Espen Hagh

Personal information
- Date of birth: 10 July 1974 (age 52)
- Position: Midfielder

Youth career
- Mo
- Molde

Senior career*
- Years: Team / Apps / (Gls)
- –1994: Mo
- 1995–1996: Kongsvinger / 15 / (0)
- 1996: Lyn / 1 / (0)
- 1997: Drøbak-Frogn / 20 / (0)
- 1998: Mo
- Hertha BSC II
- SC Siemensstadt
- 2002–2008: Mo

International career
- 1993: Norway under-20 / 2 / (0)

= Espen Hagh =

Norwegian footballer (born 1974)

Espen Hagh (born 10 July 1974) is a retired Norwegian football midfielder.

He is a son of Tore Hagh. He started his youth career in Mo IL and progressed into the first team. In 1995 he joined Kongsvinger. He was noted as having the team's highest O_{2} uptake of 76.

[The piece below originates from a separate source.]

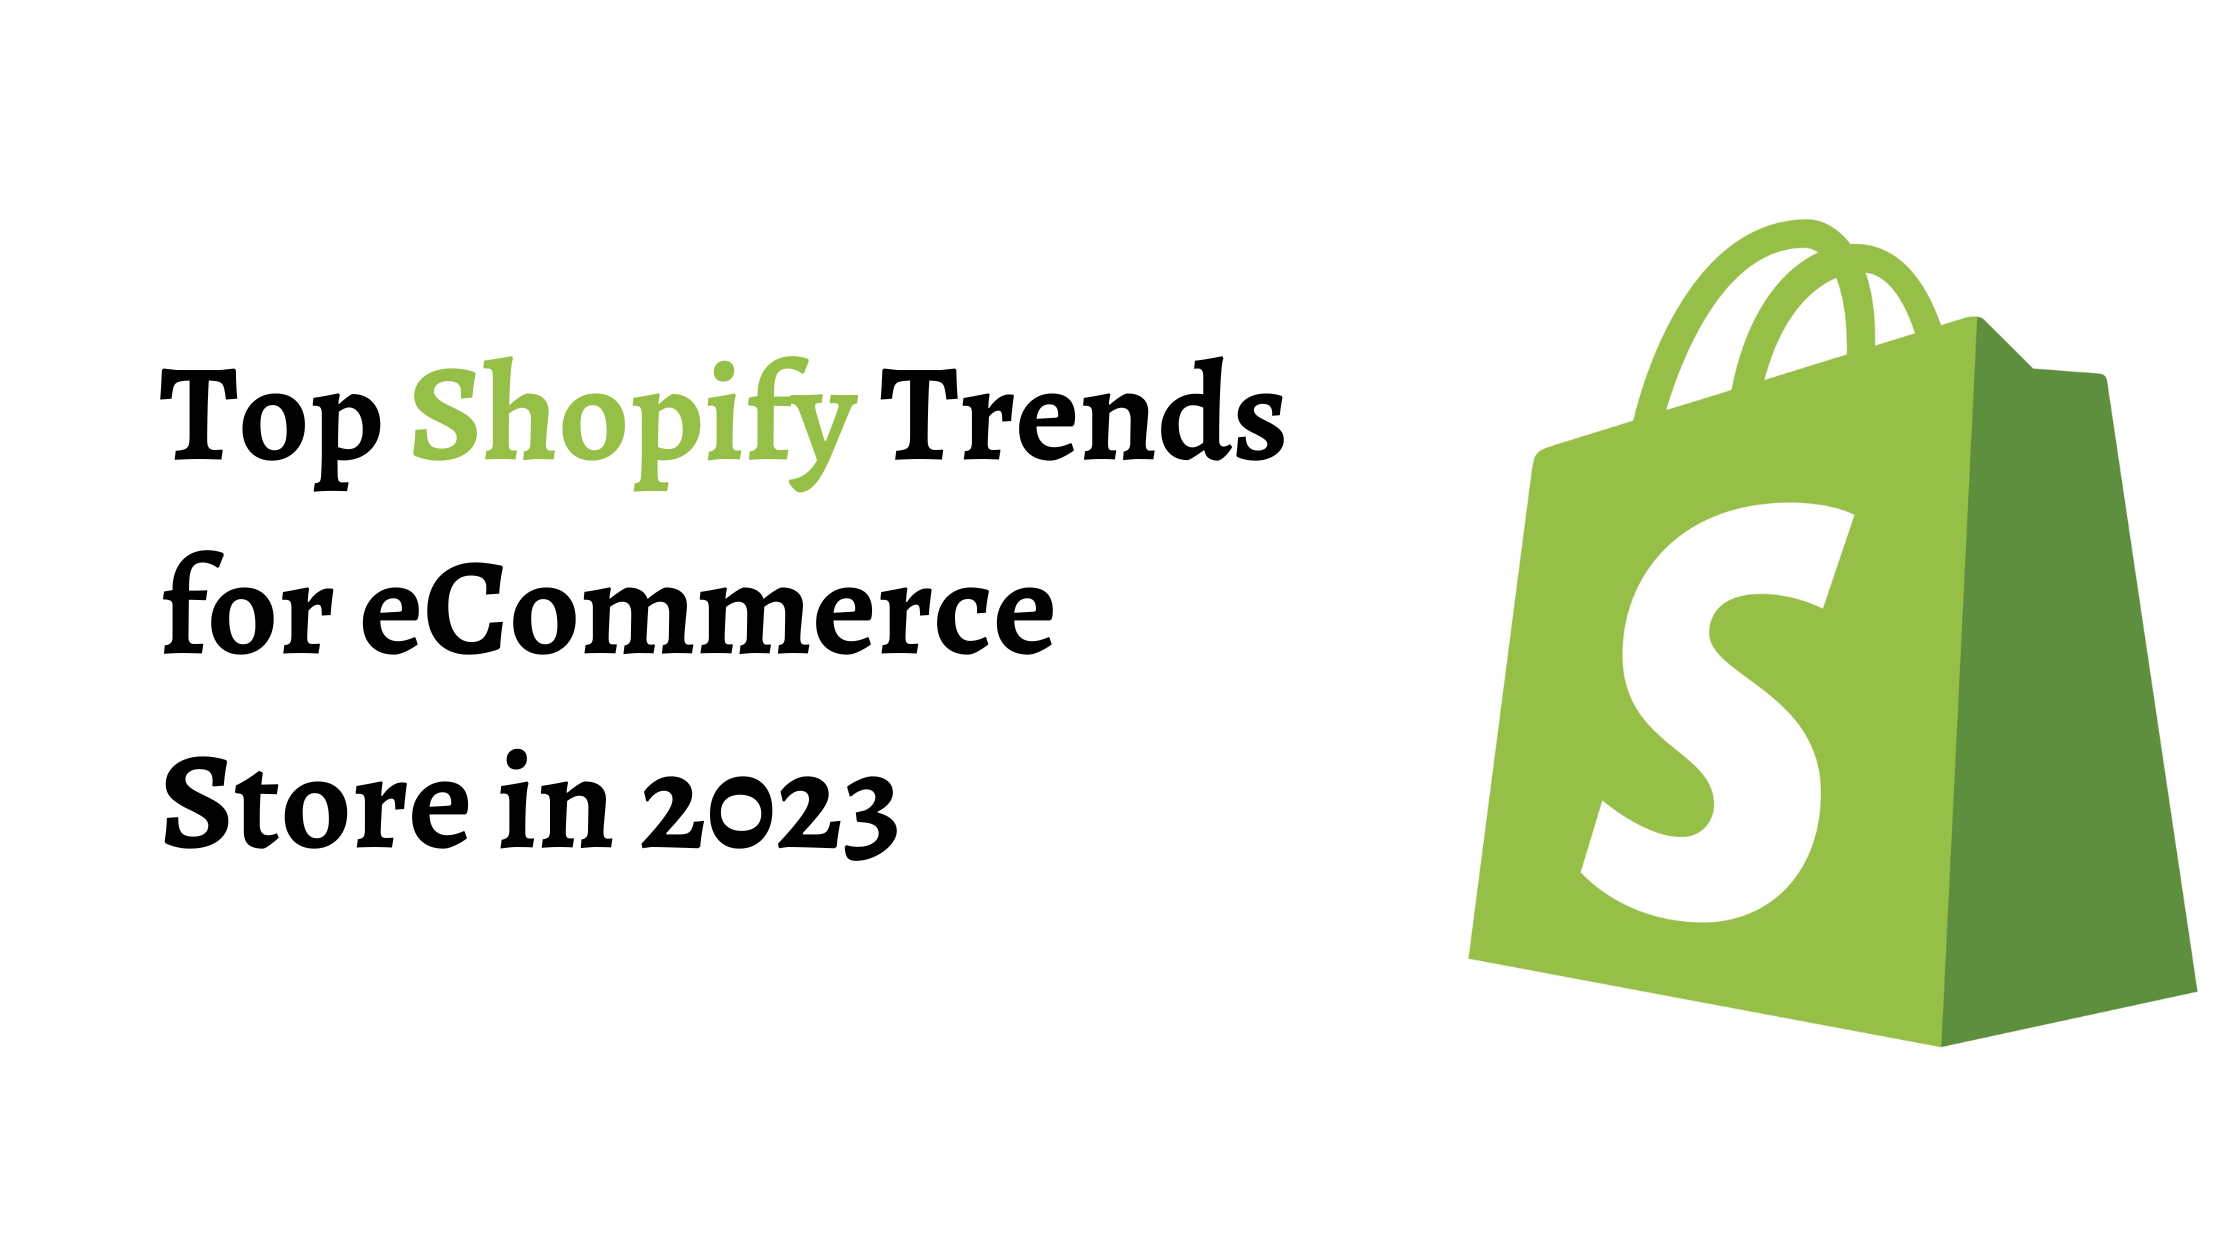 public/uploads/2023/06/Top-Shopify-Trends-for-eCommerce-Store-in-2023.png
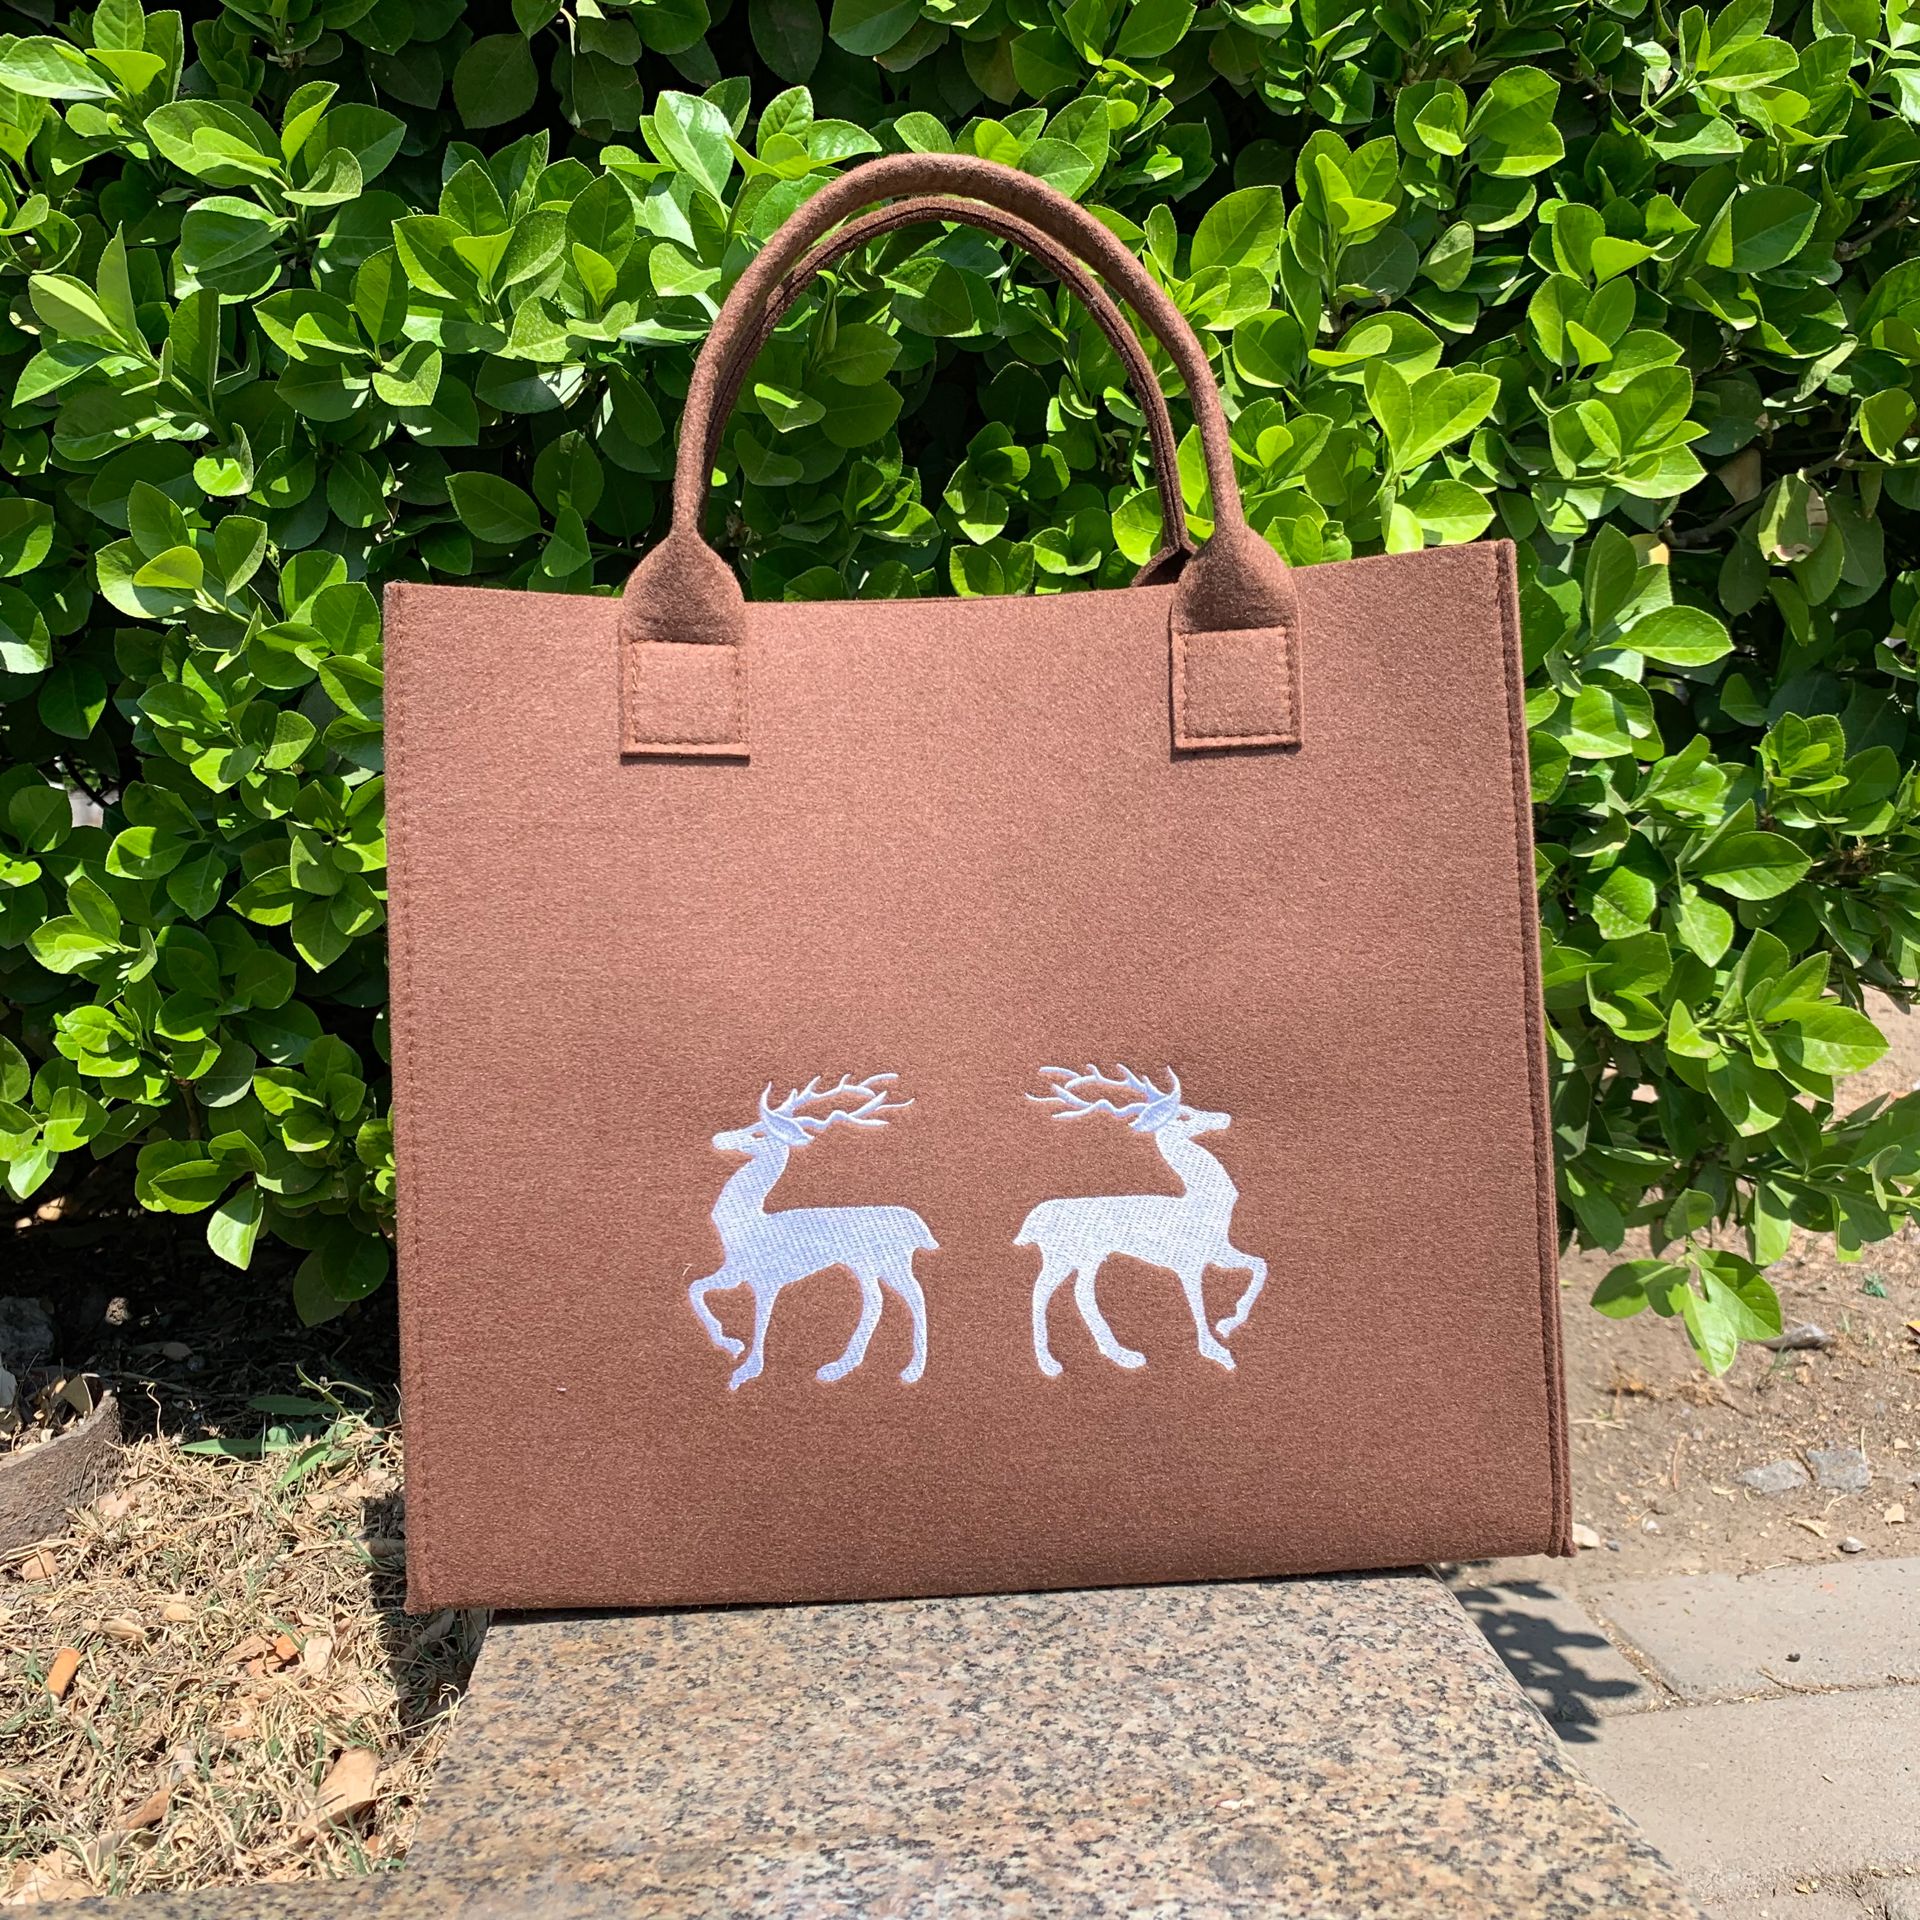 Felt Bag Deer Pads Your Shopping Safely and Has Lots of Storage Space Felt Shopping Bag Featured Image

He did not fully break into the first team, and played only one Norwegian Premier League game in 1996. After an unsuccessful autumn loan to Lyn he joined Drøbak-Frogn ahead of the 1997 season. Here he played 20 games in the 1997 Norwegian First Division.

In 1998 he commenced physiotherapy studies in Berlin. He joined Hertha BSC II and later played for SC Siemensstadt. In 2002 he rejoined Mo IL, retiring after the 2008 season.